Em “Famintas”, Lua Santosouza traz o texto mais perturbador do livro, com uma escrita disruptiva que choca o leitor ao mostrar o lado mais sombrio da feminilidade, na sua relação com o impossível da sexualidade e da maternidade: “Piscavam os cílios confusos, eriçavam-se os pelos delirantes e os dentes impacientes trincados em meio à saliva ácida do apetite se desmanchavam junto a mulher. Filha, não suportava me ver fora de mim. Nossos sorrisos eram iguais. Era insuportável. Filha, não suportava que você me precisasse tanto” (p. 295).

Amizade, narrativa, política, trabalho, disrupção: haveria como pensar algo de uma escrita feminina a partir dos temas? Acredito que se formos por esse caminho, cairemos em chavões um tanto quanto conservadores e moralistas a respeito do feminino, como afirmar que a escrita feminina passa por questões íntimas e afetivas, muitas vezes tomadas como menores frente ao masculino e uma certa relação com o universal. Aproveitando o teor lacaniano de vários dos textos de PMP, que possamos, então, recorrer à psicanálise pra pensar de um modo mais interessante o que poderia ser da ordem do feminino no livro.

Pois há em Jacques Lacan uma forma bastante instigante de pensar o que seria a diferença entre dois campos na ordem do masculino e do feminino. Creio, e essa é uma discussão teórica que não cabe abrir aqui, que se trata muito mais de pensar duas formas de discurso, de relação com a linguagem, do que determinações que dizem respeito ao fato de ter ou não ter um pênis. Pois o universo masculino seria aquele que se constitui por uma determinação “fálica”, ou seja, organizado pelo que Lacan chamou de significante fálico, que faz a relação entre as cadeias significantes e suas produções de significado – para além do “lacanês”, um discurso que se constitui através da produção de sentido, da possibilidade de uma produção discursiva que tenha alcance universal. Já o feminino (que, ao contrário do masculino, não cabe chamar de universo, posto que nunca se permite fechar em nada que busque uma unificação) diria respeito ao que escapa a isso: uma forma de discurso que se posiciona às margens do sentido, algo que aponta para os furos daquilo que tenta se colocar de maneira totalizante na linguagem. Desse modo, a posição feminina seria muito mais uma espécie de lugar em que ninguém habita, mas perpassa, ocupando como contingência, desocupando por necessidade. Não se trata de um modo de estar no mundo, mas de uma forma de discurso que leva em consideração os próprios limites internos da linguagem, que se coloca de forma agonística em relação à produção de sentido, tanto na sua falta quanto no seu excesso. Que, fenomenicamente, tenhamos uma distribuição desigual quanto à repartição entre homens e mulheres que habitam essa abertura do discurso feminino, já que as mulheres tendem a ocupar os furos de sentido de maneira muito mais frequente e livre do que os homens, eis algo que não se trata de uma necessidade estrutural, mas de uma correlação possivelmente histórica e social – novamente, uma discussão que não cabe aqui desenvolver.

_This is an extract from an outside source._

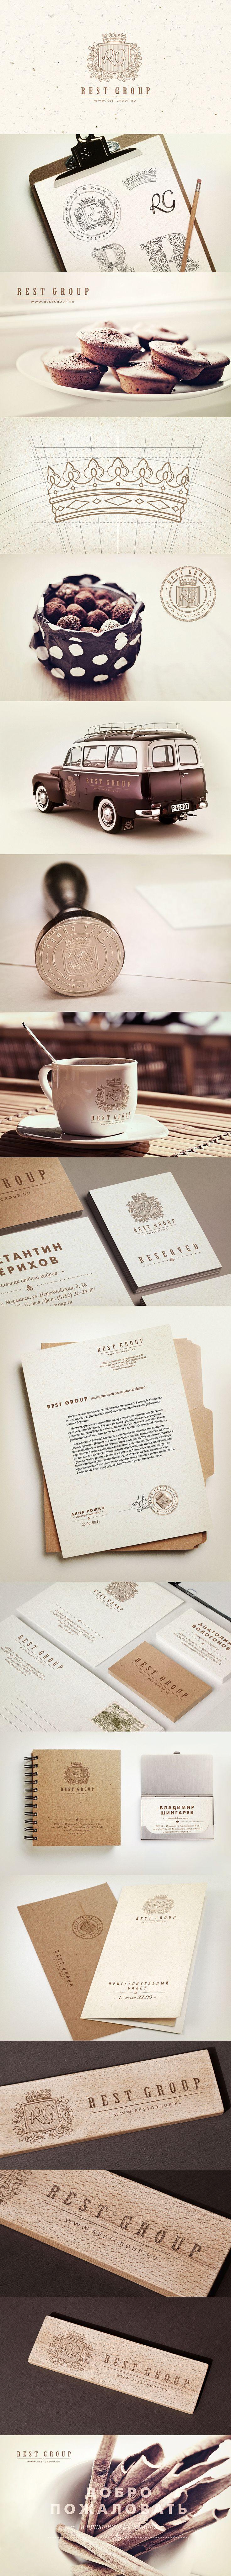 Rest Group, Identity © Павел Емельянов #design #corporate #identity #branding #visual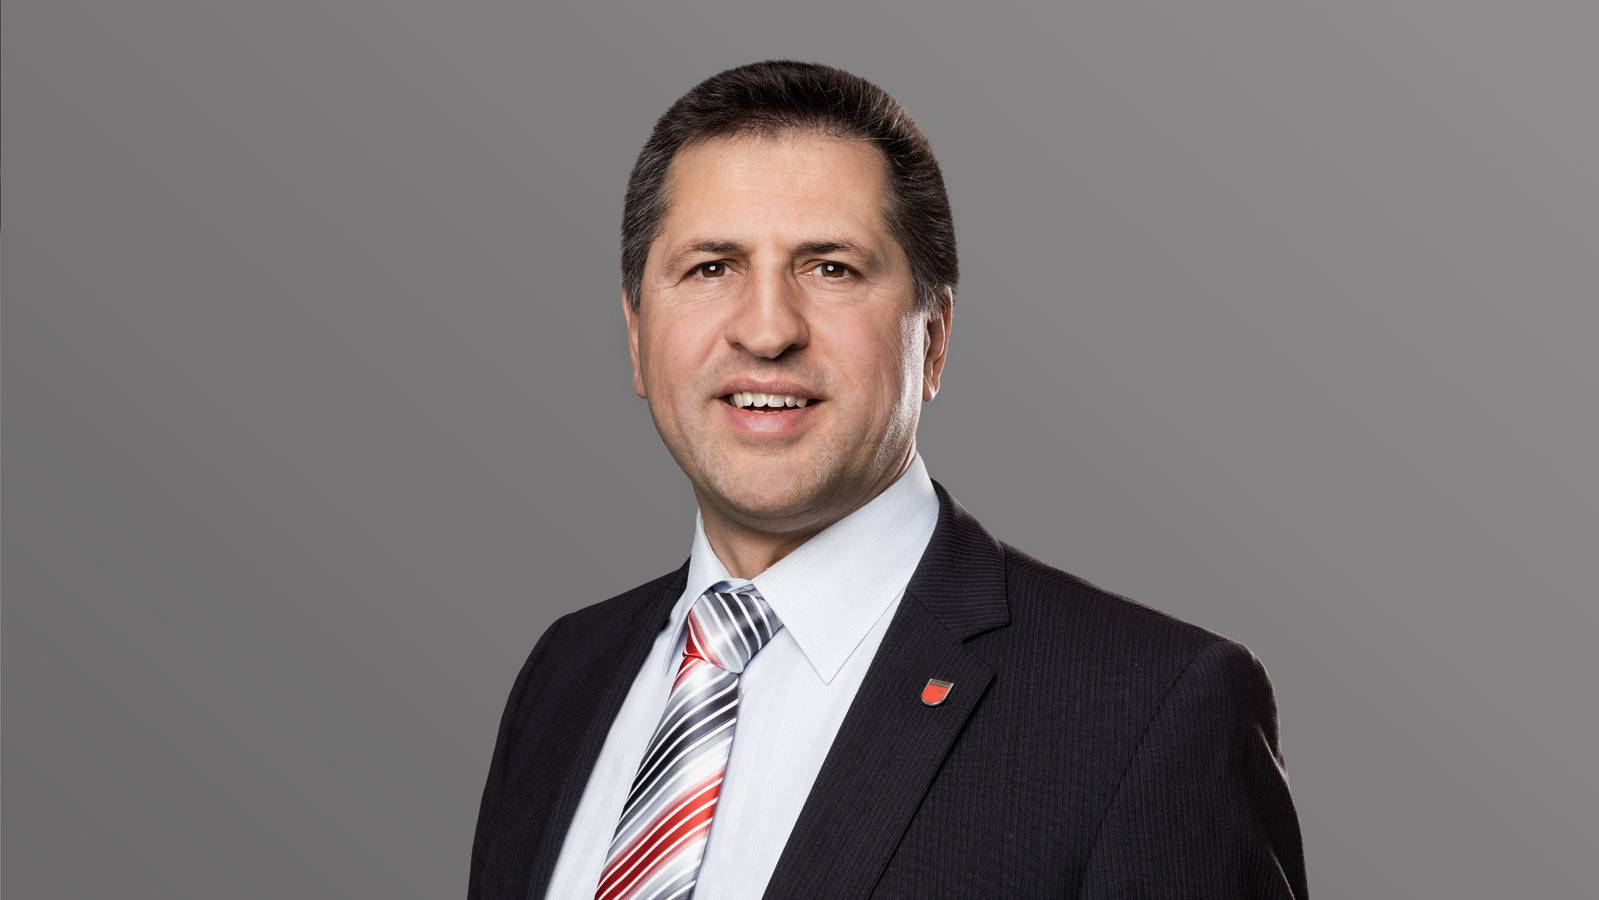 Sandro Patierno (CVP)

Dado isso, me pergunto se o livro não teria o mesmo efeito de feminilidade, de momentos de abertura para algo que se constitui nessa fenda no meio da produção de sentido de um discurso universal, se ele fosse escrito por 45 homens, dentro da mesma orientação. Afinal, não teria sido a própria proposta de um livro sem tema, apenas com a chamada de “escreva o que quiser, como quiser, da forma que quiser”, que sustentaria esse convite ao feminino de PMP? Entendo que há algo desse lugar da exceção e do excesso, da margem e do furo, que se apresenta já na proposta feita pela organizadora. É verdade que não podemos ignorar que livros escritos apenas por homens estão muito mais como regra do que exceção, mesmo dentro de um campo como o da psicanálise, majoritariamente feminino. Fato que tiraria desse hipotético “a vida com eles” todo um lado de posicionamento político que o livro traz, apenas por existir. Sem dúvida que houve algo no convite da organizadora que produziu um efeito temático: que as autoras soubessem que seria um livro escrito apenas por mulheres trouxe a recorrência de algumas questões, desde a pergunta mais clara sobre o que é ser uma mulher até indagações sobre maternidade, sexualidade, feminismo, etc. Não se trata de afirmar que haveria uma temática em comum que perpasse todos os textos, mas de ouvir um certo eco de questões que muitos dos escritos produzem em quem os lê. Como se o livro conseguisse ressoar algo do que estariam pensando, vivendo, desejando e fazendo as mulheres, ou ao menos um certo recorte social e local das mulheres.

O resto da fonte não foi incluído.